Task description:
Would you copy all lines in the data that contain the word "Guida"?

※

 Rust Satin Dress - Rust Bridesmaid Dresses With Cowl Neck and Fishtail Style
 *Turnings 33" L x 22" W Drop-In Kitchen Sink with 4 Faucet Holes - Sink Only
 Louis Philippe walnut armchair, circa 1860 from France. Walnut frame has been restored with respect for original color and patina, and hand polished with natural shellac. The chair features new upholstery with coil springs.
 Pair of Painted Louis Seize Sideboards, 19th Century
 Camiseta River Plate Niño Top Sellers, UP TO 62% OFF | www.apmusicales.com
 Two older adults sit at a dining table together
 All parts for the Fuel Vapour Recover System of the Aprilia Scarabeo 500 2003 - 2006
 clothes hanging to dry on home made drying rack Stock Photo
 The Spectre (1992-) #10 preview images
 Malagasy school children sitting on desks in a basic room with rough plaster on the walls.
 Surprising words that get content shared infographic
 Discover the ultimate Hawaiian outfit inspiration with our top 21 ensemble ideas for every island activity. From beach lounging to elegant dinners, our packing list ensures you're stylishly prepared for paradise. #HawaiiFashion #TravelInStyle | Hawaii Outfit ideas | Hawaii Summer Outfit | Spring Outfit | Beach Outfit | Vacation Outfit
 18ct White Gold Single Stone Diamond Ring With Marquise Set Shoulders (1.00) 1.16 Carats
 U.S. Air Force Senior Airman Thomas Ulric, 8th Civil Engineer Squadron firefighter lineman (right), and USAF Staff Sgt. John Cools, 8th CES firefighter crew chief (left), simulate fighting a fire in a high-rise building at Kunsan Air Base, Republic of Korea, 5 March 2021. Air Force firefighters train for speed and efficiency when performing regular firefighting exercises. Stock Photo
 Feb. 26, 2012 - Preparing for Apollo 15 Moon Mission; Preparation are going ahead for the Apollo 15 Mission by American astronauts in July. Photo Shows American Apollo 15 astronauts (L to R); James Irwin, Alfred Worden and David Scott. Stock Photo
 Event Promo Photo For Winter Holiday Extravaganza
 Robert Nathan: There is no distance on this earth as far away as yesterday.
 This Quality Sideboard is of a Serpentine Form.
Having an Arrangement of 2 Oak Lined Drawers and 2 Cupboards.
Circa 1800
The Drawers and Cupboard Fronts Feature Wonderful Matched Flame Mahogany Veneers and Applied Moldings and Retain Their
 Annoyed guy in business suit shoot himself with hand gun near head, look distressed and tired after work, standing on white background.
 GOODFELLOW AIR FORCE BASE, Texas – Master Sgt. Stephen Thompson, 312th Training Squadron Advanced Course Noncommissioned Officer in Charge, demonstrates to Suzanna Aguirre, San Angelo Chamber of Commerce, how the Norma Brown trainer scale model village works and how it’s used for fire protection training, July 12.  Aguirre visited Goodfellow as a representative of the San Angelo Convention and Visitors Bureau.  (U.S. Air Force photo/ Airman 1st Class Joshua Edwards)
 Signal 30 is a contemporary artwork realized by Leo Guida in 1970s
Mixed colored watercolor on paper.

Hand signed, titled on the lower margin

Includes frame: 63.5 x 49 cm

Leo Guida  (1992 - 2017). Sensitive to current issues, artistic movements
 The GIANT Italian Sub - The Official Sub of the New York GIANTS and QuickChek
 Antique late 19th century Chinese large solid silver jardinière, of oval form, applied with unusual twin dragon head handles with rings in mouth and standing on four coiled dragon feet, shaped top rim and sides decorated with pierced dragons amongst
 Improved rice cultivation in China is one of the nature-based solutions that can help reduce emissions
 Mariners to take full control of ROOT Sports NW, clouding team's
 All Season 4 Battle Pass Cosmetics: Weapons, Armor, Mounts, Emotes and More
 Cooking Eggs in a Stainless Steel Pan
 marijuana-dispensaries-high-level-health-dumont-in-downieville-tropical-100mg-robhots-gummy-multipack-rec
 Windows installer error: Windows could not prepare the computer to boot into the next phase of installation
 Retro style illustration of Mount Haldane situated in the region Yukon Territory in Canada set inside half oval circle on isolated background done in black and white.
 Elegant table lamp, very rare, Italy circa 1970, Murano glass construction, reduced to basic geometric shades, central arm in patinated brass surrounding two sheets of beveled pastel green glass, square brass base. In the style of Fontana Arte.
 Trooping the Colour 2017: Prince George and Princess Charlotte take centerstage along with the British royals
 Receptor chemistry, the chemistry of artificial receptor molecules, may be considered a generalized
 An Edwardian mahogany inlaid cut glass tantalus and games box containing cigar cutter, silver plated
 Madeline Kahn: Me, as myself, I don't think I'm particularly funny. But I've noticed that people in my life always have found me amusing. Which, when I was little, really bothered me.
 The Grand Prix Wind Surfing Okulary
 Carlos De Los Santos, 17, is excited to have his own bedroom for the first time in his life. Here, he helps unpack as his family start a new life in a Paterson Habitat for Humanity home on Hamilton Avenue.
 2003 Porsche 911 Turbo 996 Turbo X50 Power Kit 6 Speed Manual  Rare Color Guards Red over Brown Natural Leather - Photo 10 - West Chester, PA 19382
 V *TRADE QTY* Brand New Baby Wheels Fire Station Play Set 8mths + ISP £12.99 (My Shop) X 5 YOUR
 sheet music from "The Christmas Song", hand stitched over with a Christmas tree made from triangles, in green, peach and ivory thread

※

Expected answer:
 Signal 30 is a contemporary artwork realized by Leo Guida in 1970s
Leo Guida  (1992 - 2017). Sensitive to current issues, artistic movements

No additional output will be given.